Of course, it is entirely possible for a language model to be “confident” and “incorrect,” so perplexity should not be confused with an accuracy metric. But we’ll dive into more of perplexity’s limitations later on. First, let’s explore some of its advantages.
As mentioned, one of the biggest advantages of perplexity is that it is highly intuitive and explainable in a field that is notoriously opaque. This is a notable advantage over learned metrics like BERTScore and LLM-as-a-Judge metrics like G-Eval.

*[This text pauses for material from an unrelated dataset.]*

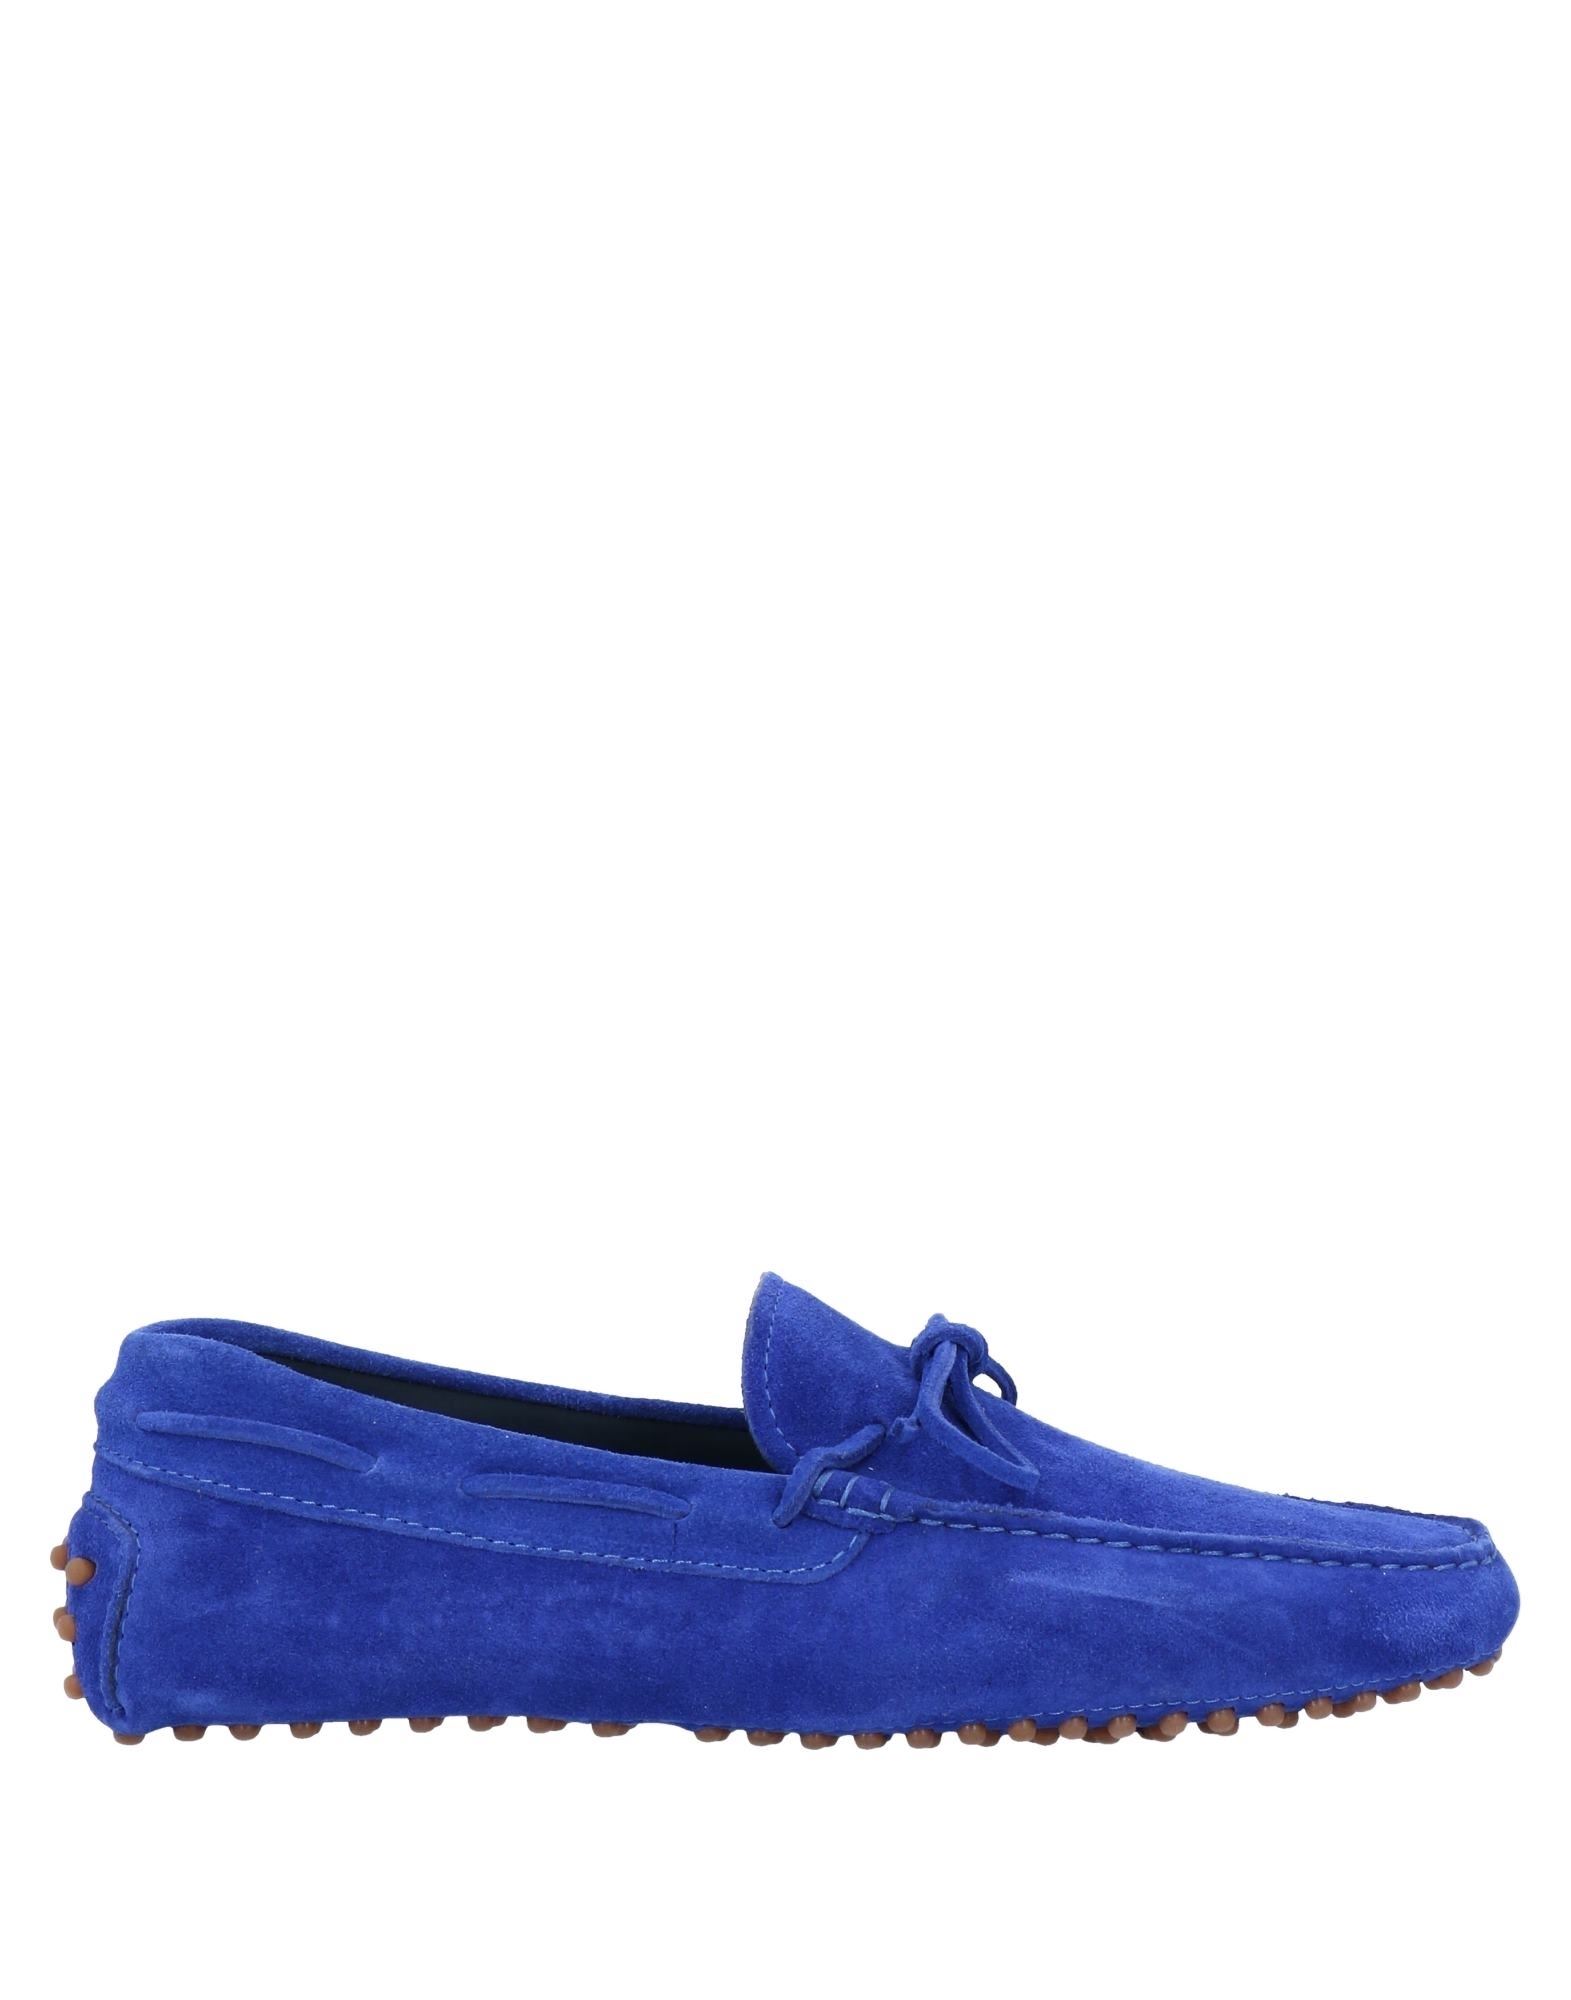 Alexander Trend Loafers In Bright Blue

Having an estimate of a model’s certainty is also especially useful when using an LLM to plan or guide actions. While high certainty suggests the model has strong backing for a given prediction, low certainty can prompt further human oversight or additional checks before execution.
Perplexity is also computationally straightforward to calculate, making it fast and efficient. This also allows practitioners to evaluate model performance in real-time during training, helping to identify issues and improvements promptly and leading to faster development cycles.
As we’ll see in the next section on perplexity’s limitations, it is not an end-all evaluation metric for LLMs. However, given its explainability and low-overhead, perplexity is a quick and useful first-pass metric that works well when used in conjunction with other LLM evaluation metrics.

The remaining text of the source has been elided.